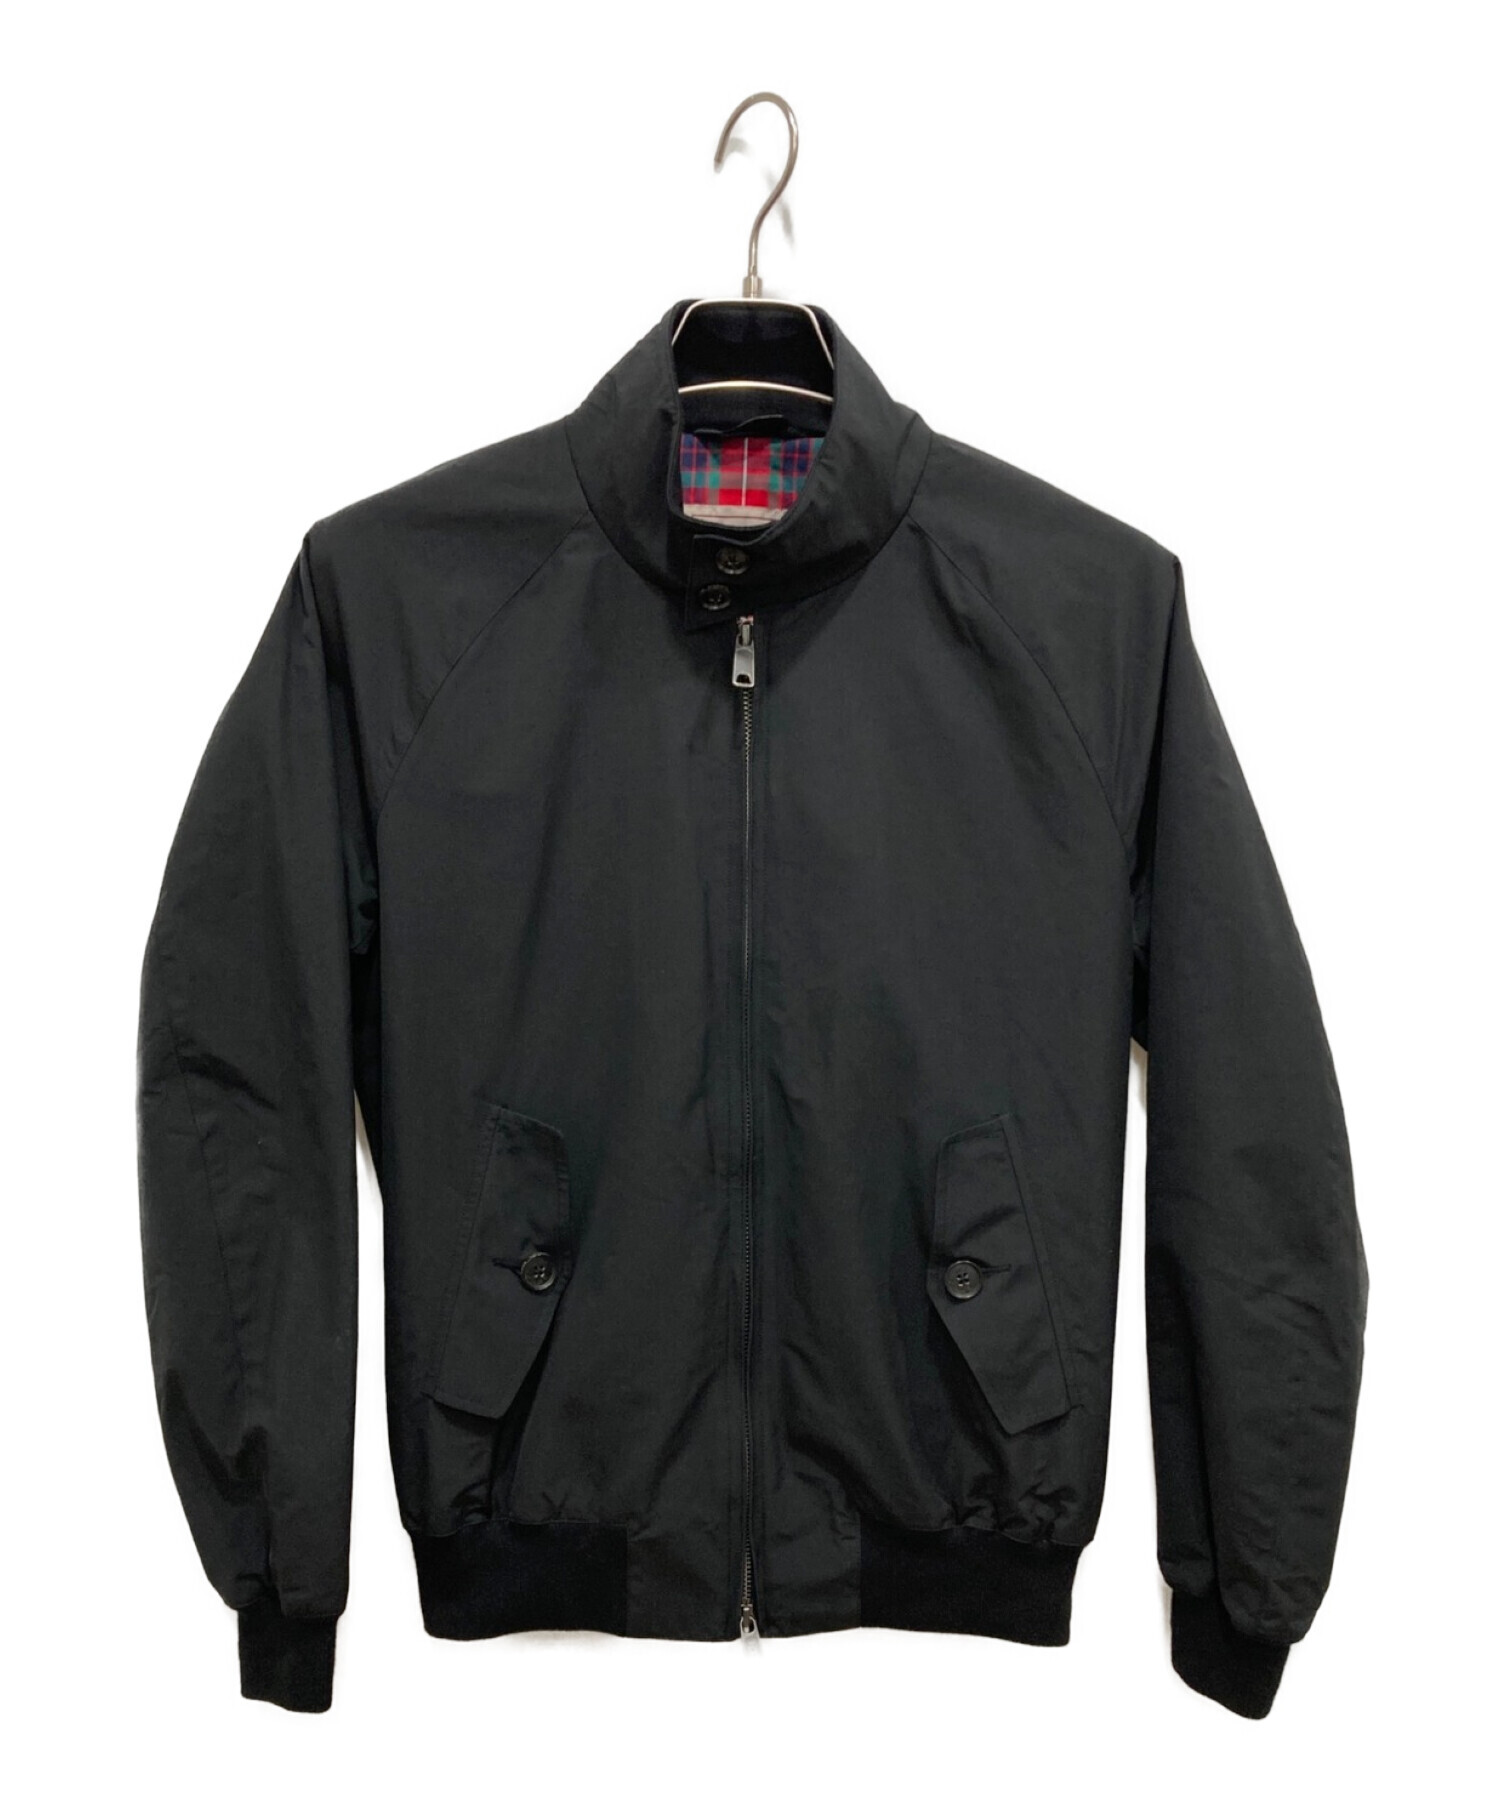 BARACUTA (バラクータ) G9スイングトップジャケット ブラック サイズ:38
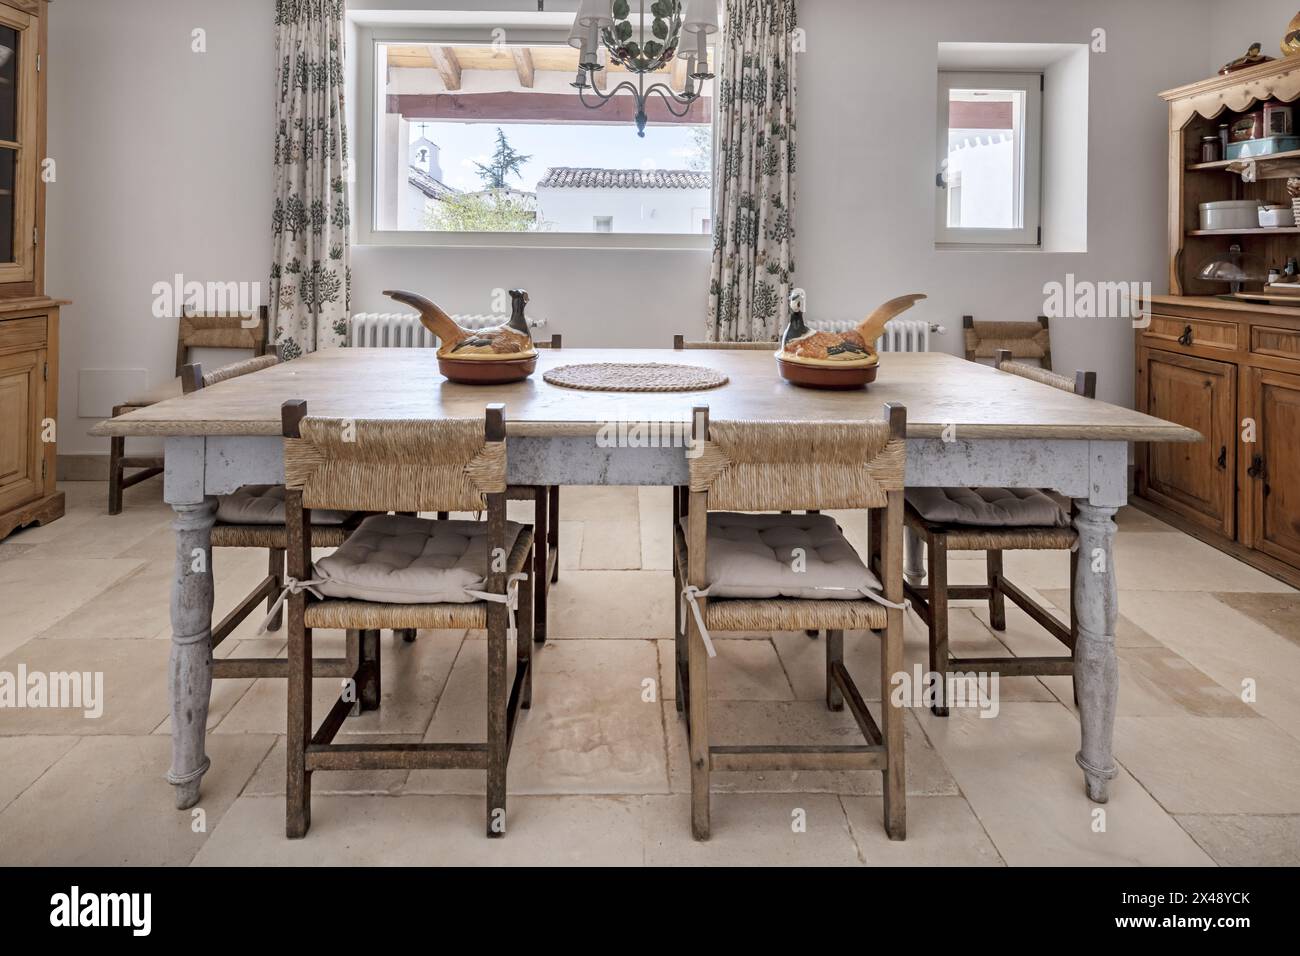 Una sala da pranzo in una casa di campagna con pavimenti in marmo e splendidi mobili in legno in stile rustico Foto Stock
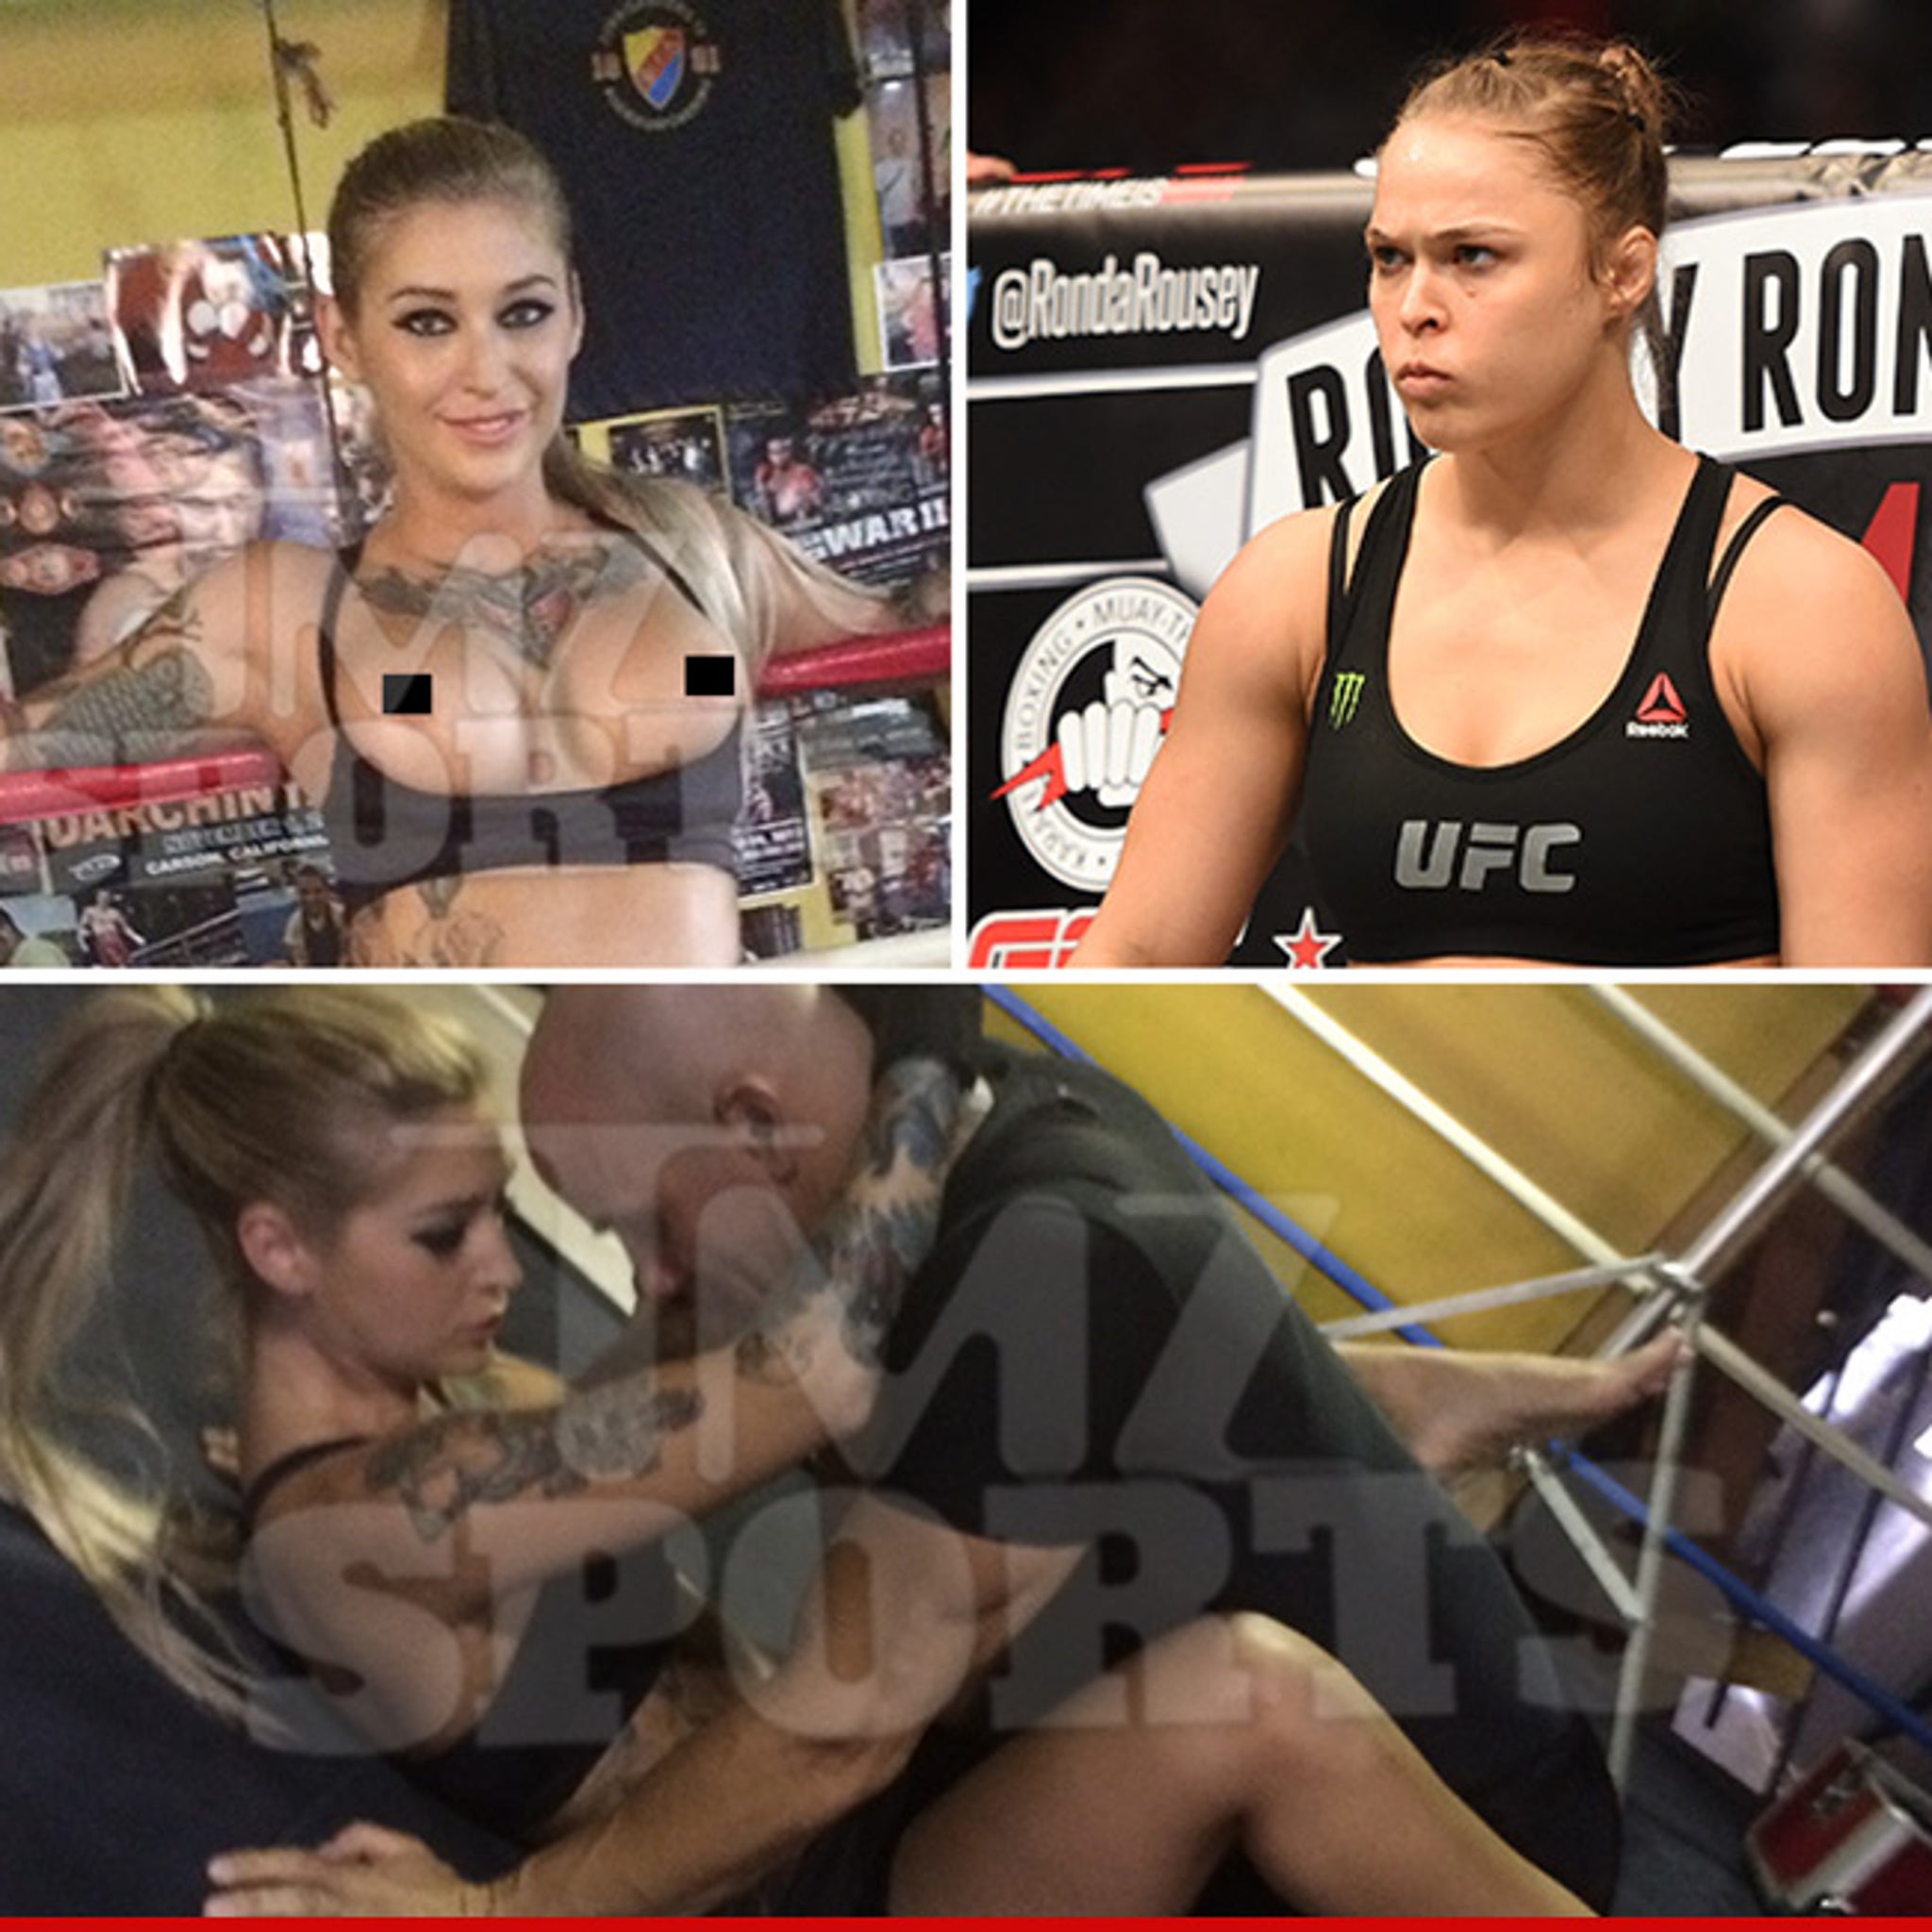 Ronda Rousey Hardcore Porn - Ronda Rousey -- Hardcore Porn Parody ... 'Ronda ArouseMe'
============================================================
§ What is required
Reproduce the entire listing exactly, but omit any pictures.

§ Answer to this problem
 BARACUTA (バラクータ) G9スイングトップジャケット ブラック サイズ:38
 Una sala da pranzo in una casa di campagna con pavimenti in marmo e splendidi mobili in legno in stile rustico Foto Stock
 Ronda Rousey Hardcore Porn - Ronda Rousey -- Hardcore Porn Parody ... 'Ronda ArouseMe'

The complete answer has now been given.